We used `repr()` above to show the internal structure of our sample tree. 
When printed the regular way, the `Tree` class displays itself in a 
nice readable form:

In [None]:
print(sample)

If your python configuration supports it (our Notebooks do), the 
method `draw()` will
display an image of the tree structure in a separate window. 
You'll have to find the pop-up window (it might be hidden behind other windows, like the `nltk.downloader()` window was) and close it to continue execution. 

**Note.** If the tree window does not appear, it _may_ help to add this "magic" notebook command at the top of the code cell, above your code:

    %matplotlib

In [None]:
sample.draw()

It can be seen that this tree contains branches for the two named
entities, _Ruimtelijke Ordening_ (an organization) and _BPA_
("miscellaneous").

* A chunked sentence is a Tree of maximal height 3: the sentence node,
the chunks, and the chunk words. (The height will be 2 if there are no chunks in the sentence.)

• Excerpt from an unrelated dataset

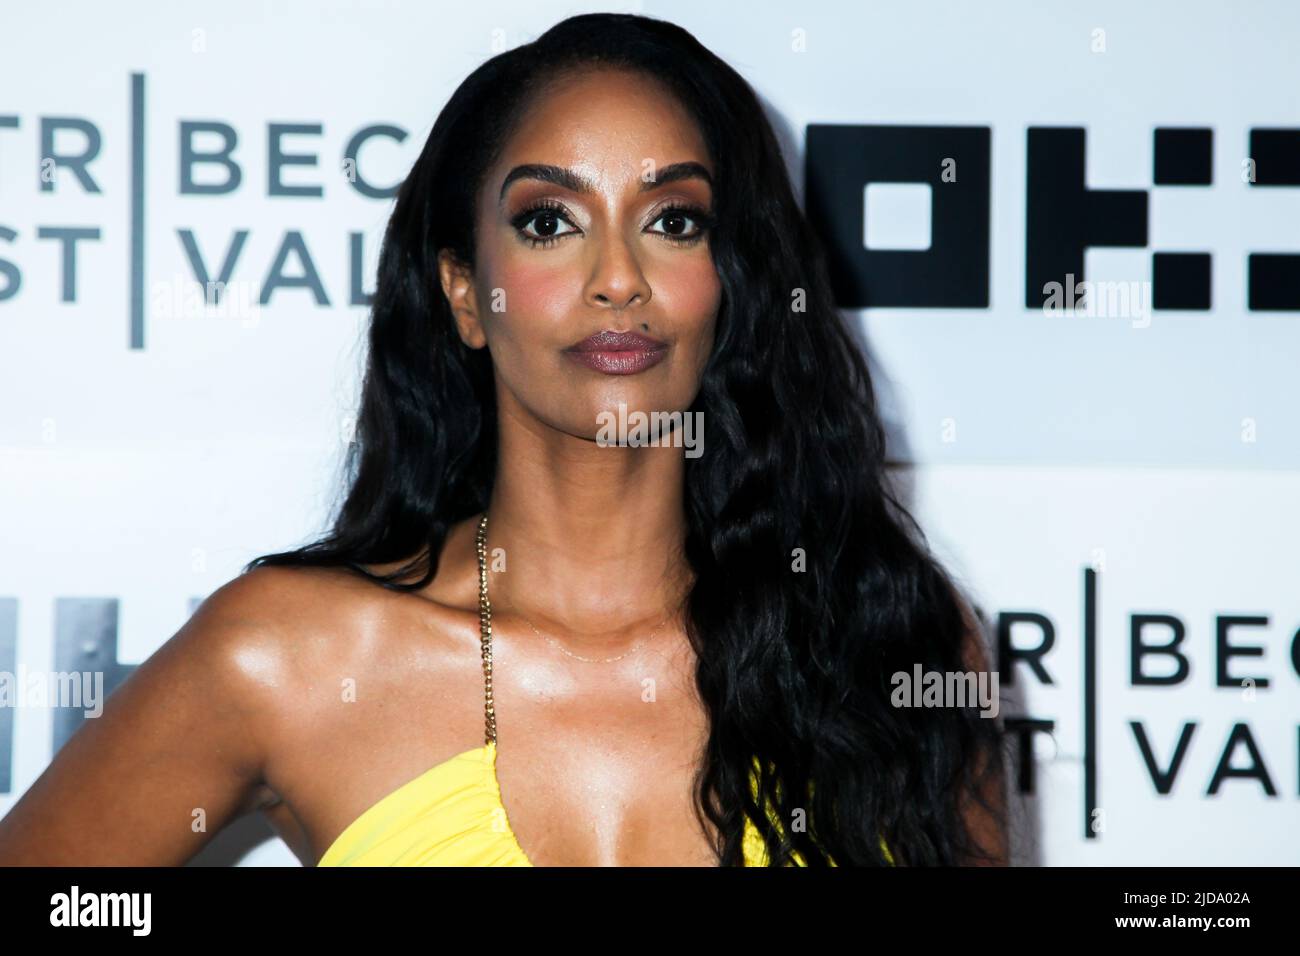 NEW YORK, NY, USA - 18. JUNI 2022: Azie Tesfai nimmt an der Weltpremiere „Loudmouth“ 2022 Tribeca Film Festival im BMCC Tribeca Performing Arts Cent Teil Stockfoto

* If a sentence contains no chunks, it will have the usual tagged
sentence structure: A list of `(word, pos-tag)` pairs. Although it is
a `Tree`, not a `list`, you can use all the usual list methods.


* Each chunk is a `Tree` containing the chunk's
tagged words. This also applies to one-word "chunks" (i.e., one-word 
named entities). 
Unchunked words are direct children of the top-
level `Tree`, as in untagged sentences.

Note that the above only describes _chunked_ trees. Full sentence structure consists of many levels of trees and subtrees. The nltk's parsed corpora, for example, have deep trees with many levels of branches. 

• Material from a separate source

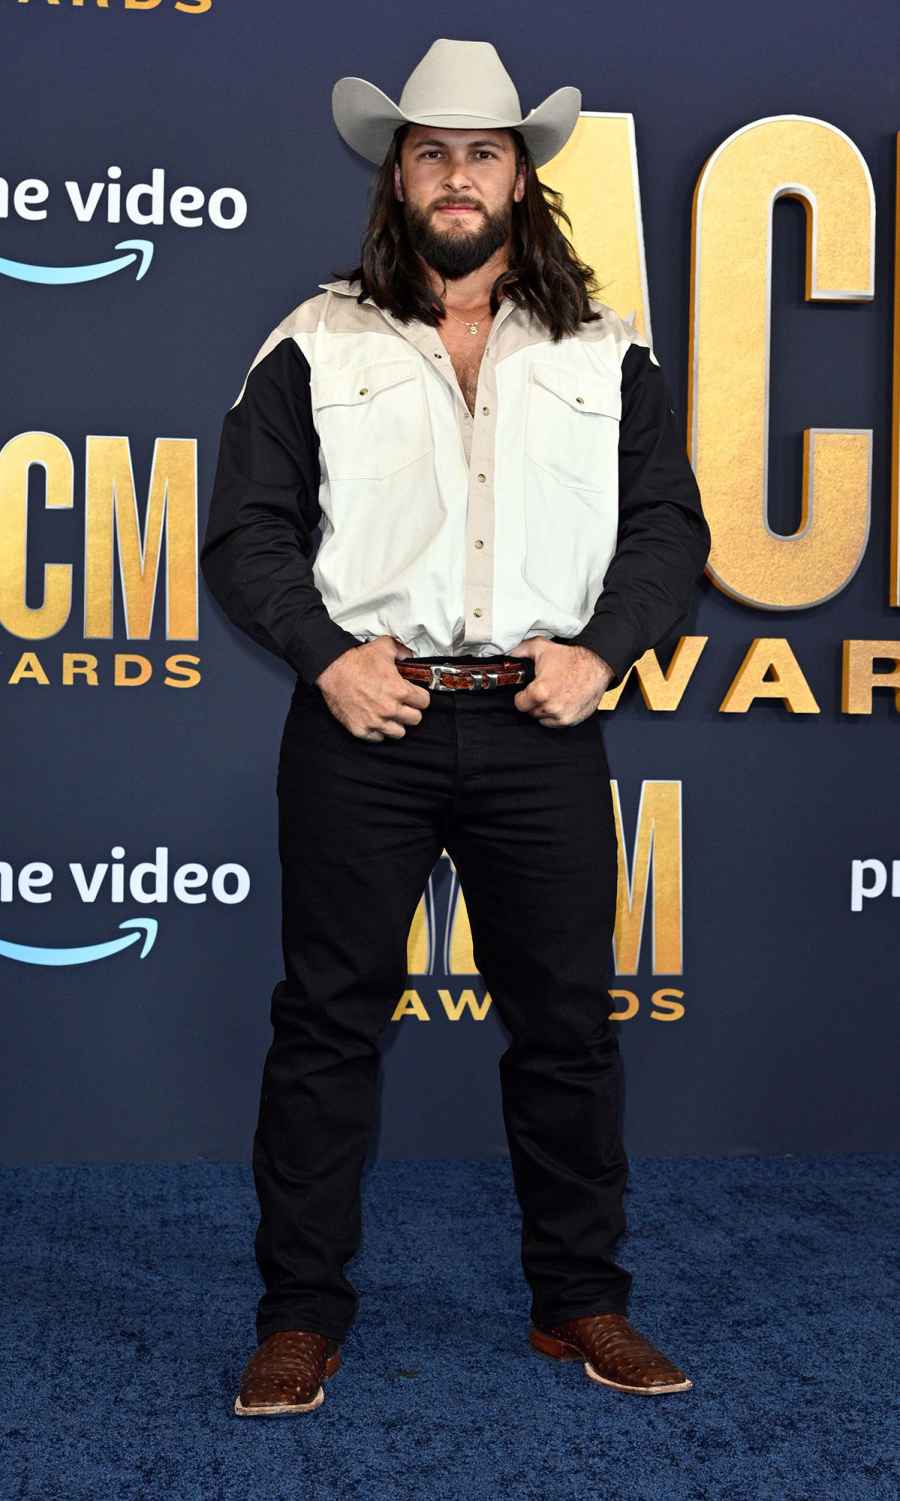 Brock Davies The Best Dressed Hottest Men at the ACM Awards 2022

A `Tree` object is also a list. The list elements are the children of
the top node.

In [None]:
print("Type:", type(sample))
print("Top-level label:", sample.label())
print("Elements:")
for part in sample:
    print(part)

Let's examine the first named entity, which is at index zero:

In [None]:
print("Type:", type(sample[0]))
print("Chunk label:", sample[0].label())
for part in sample[0]:
    print(part)

To distinguish between words (i.e., tuples) and subtrees, use the
function `isinstance`.

In [None]:
from nltk import Tree  # Import the type so we can check for it
for part in sample:
    if isinstance(part, Tree):
        print(part, "---> a subtree")
    else:
        print(part)

Since all tree components are either subtrees or tuples, we could have
 instead checked which parts have type `tuple`. 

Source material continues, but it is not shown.